┏━━

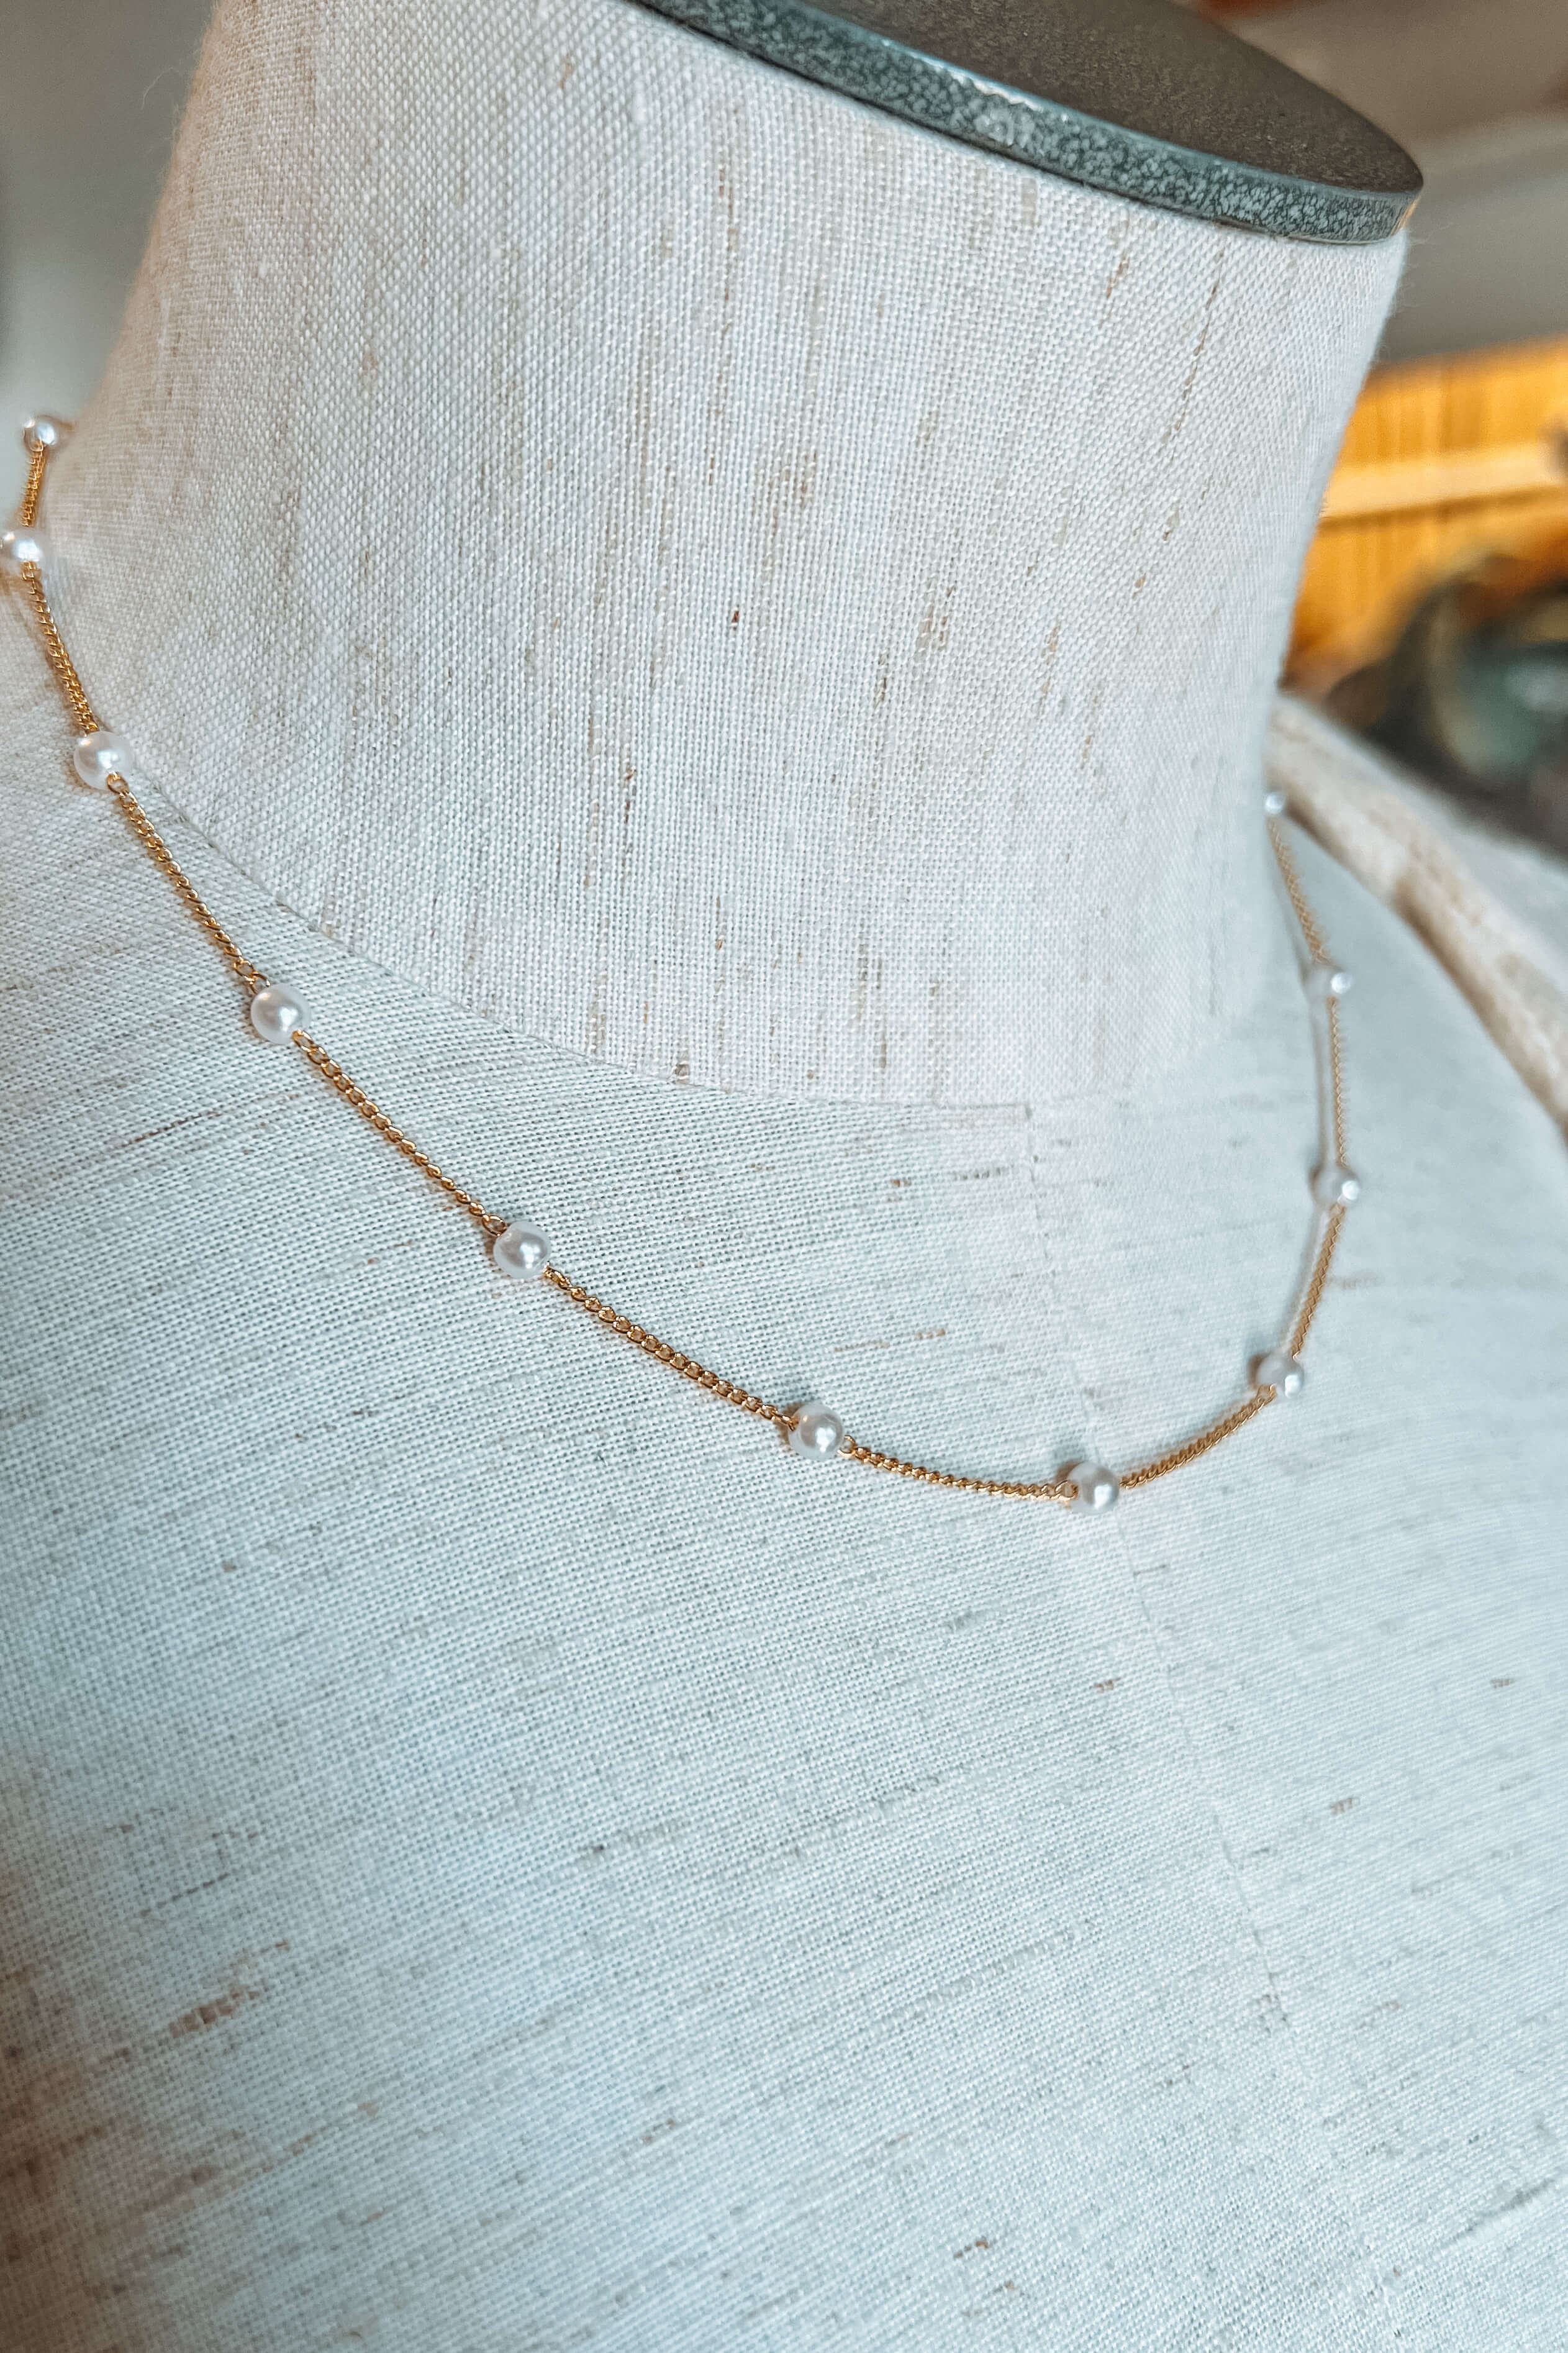 Dainty Pearl Bead Chain Necklace - Necklace - The Green Brick Boutique
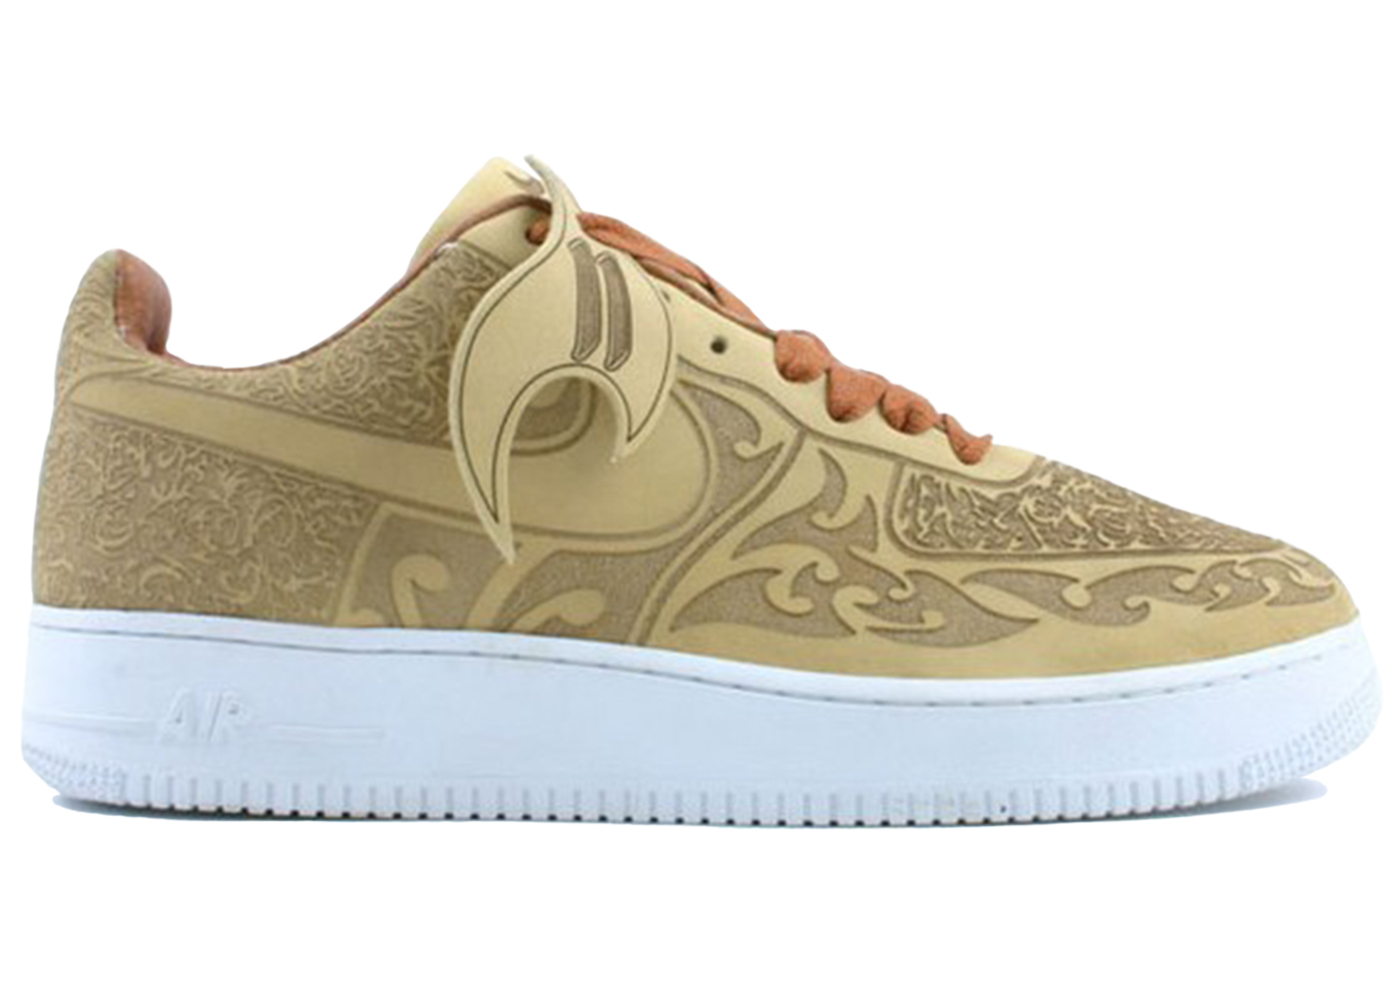 air force 1 laser
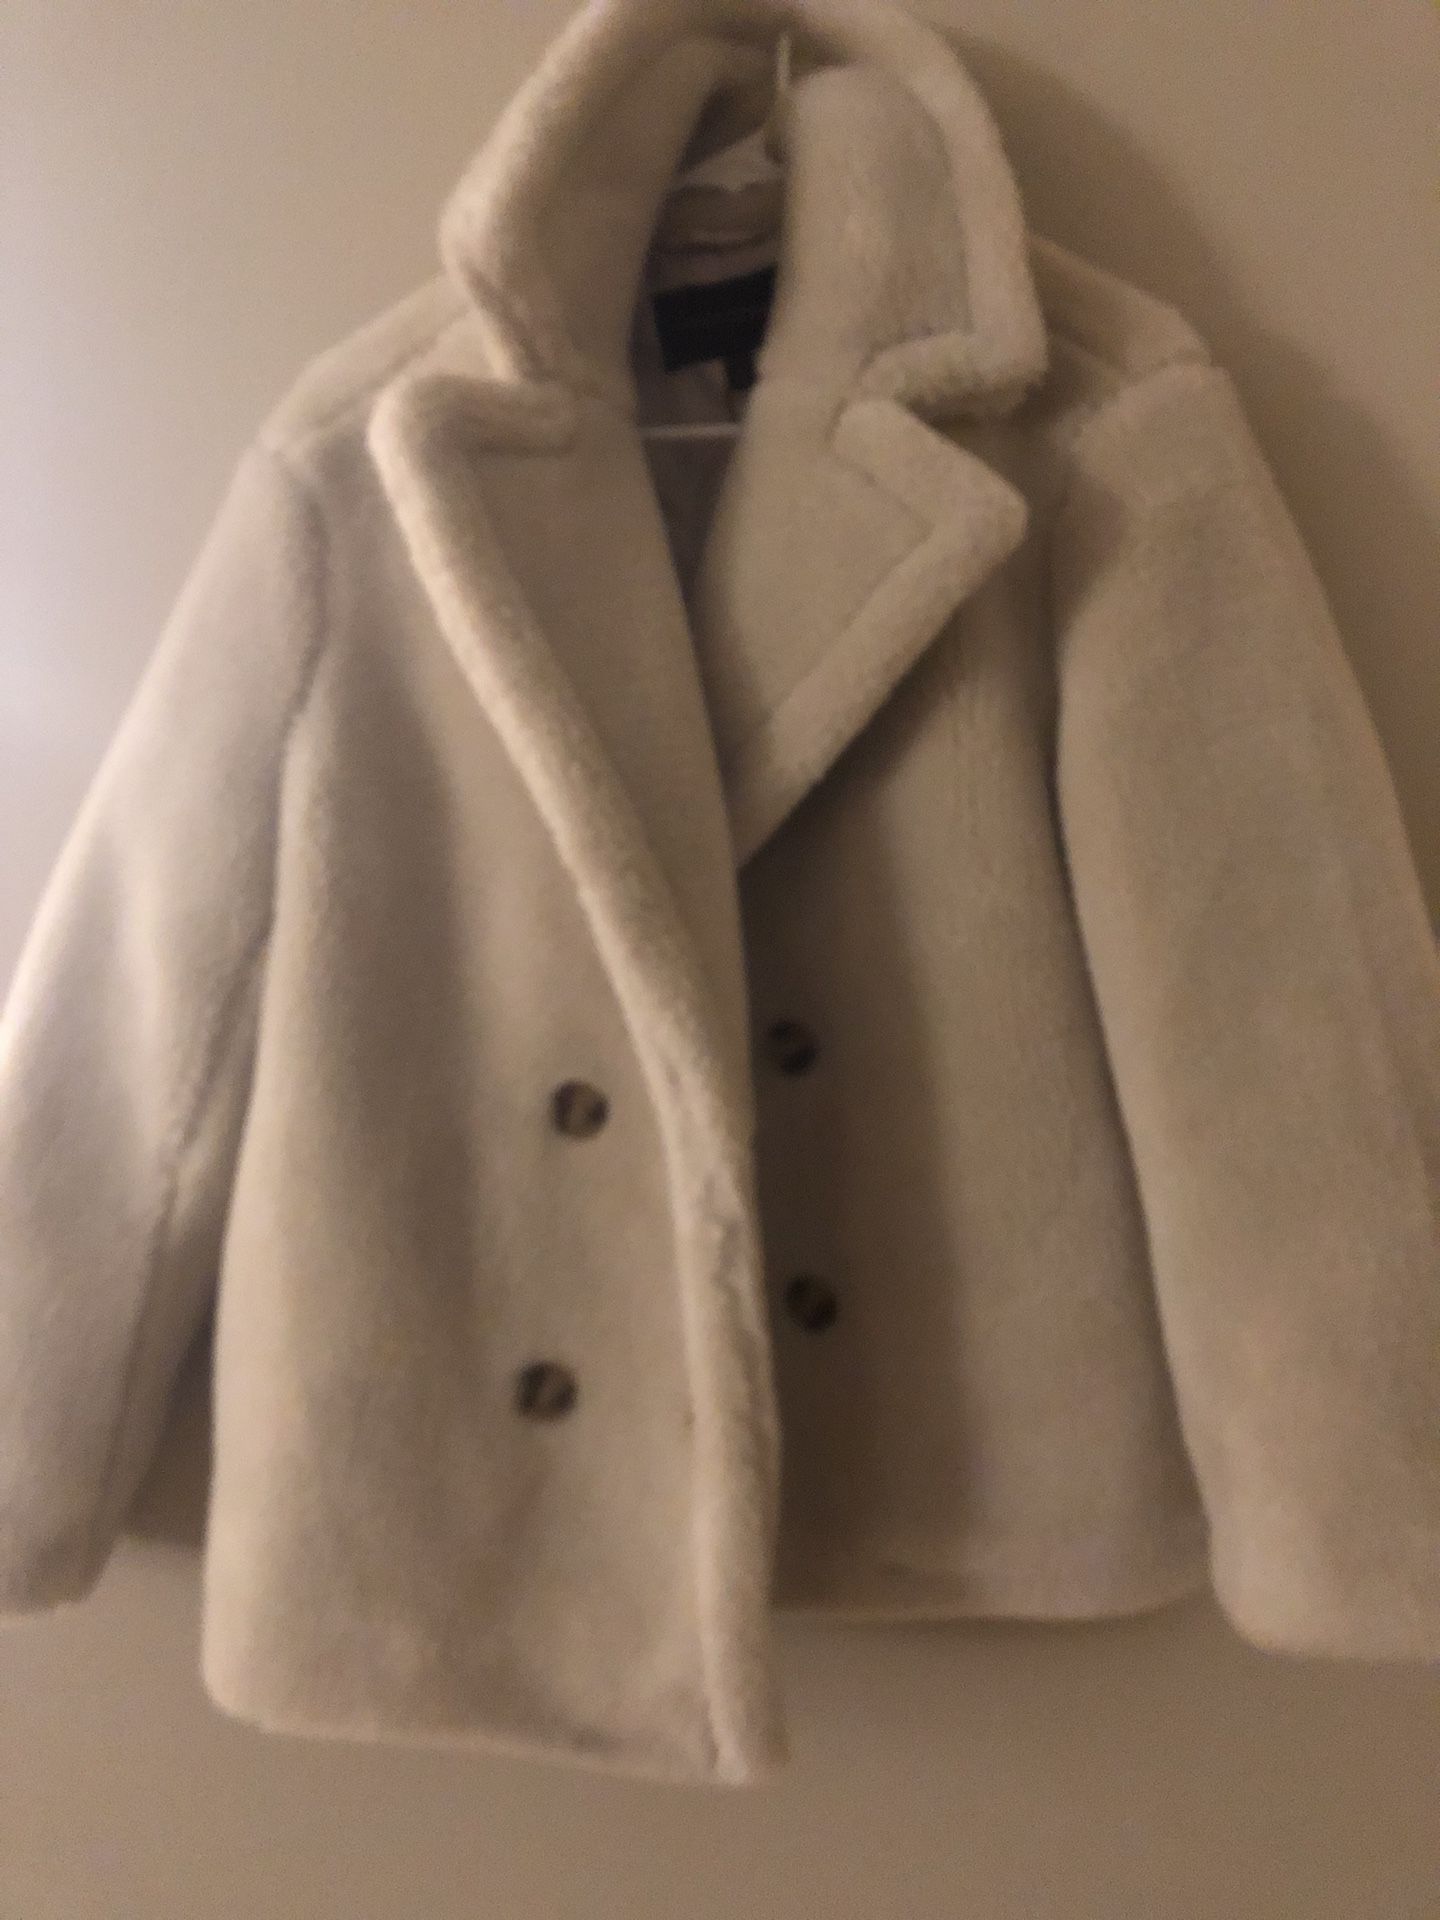 Coats BRAND NAME NEVER WORN W TAGS

┗━━

▶ [Task instructions]:
Reproduce the material word for word, but without its images.

▶ [Written reply]:
 Dainty Pearl Bead Chain Necklace - Necklace - The Green Brick Boutique
 air force 1 laser
 Coats BRAND NAME NEVER WORN W TAGS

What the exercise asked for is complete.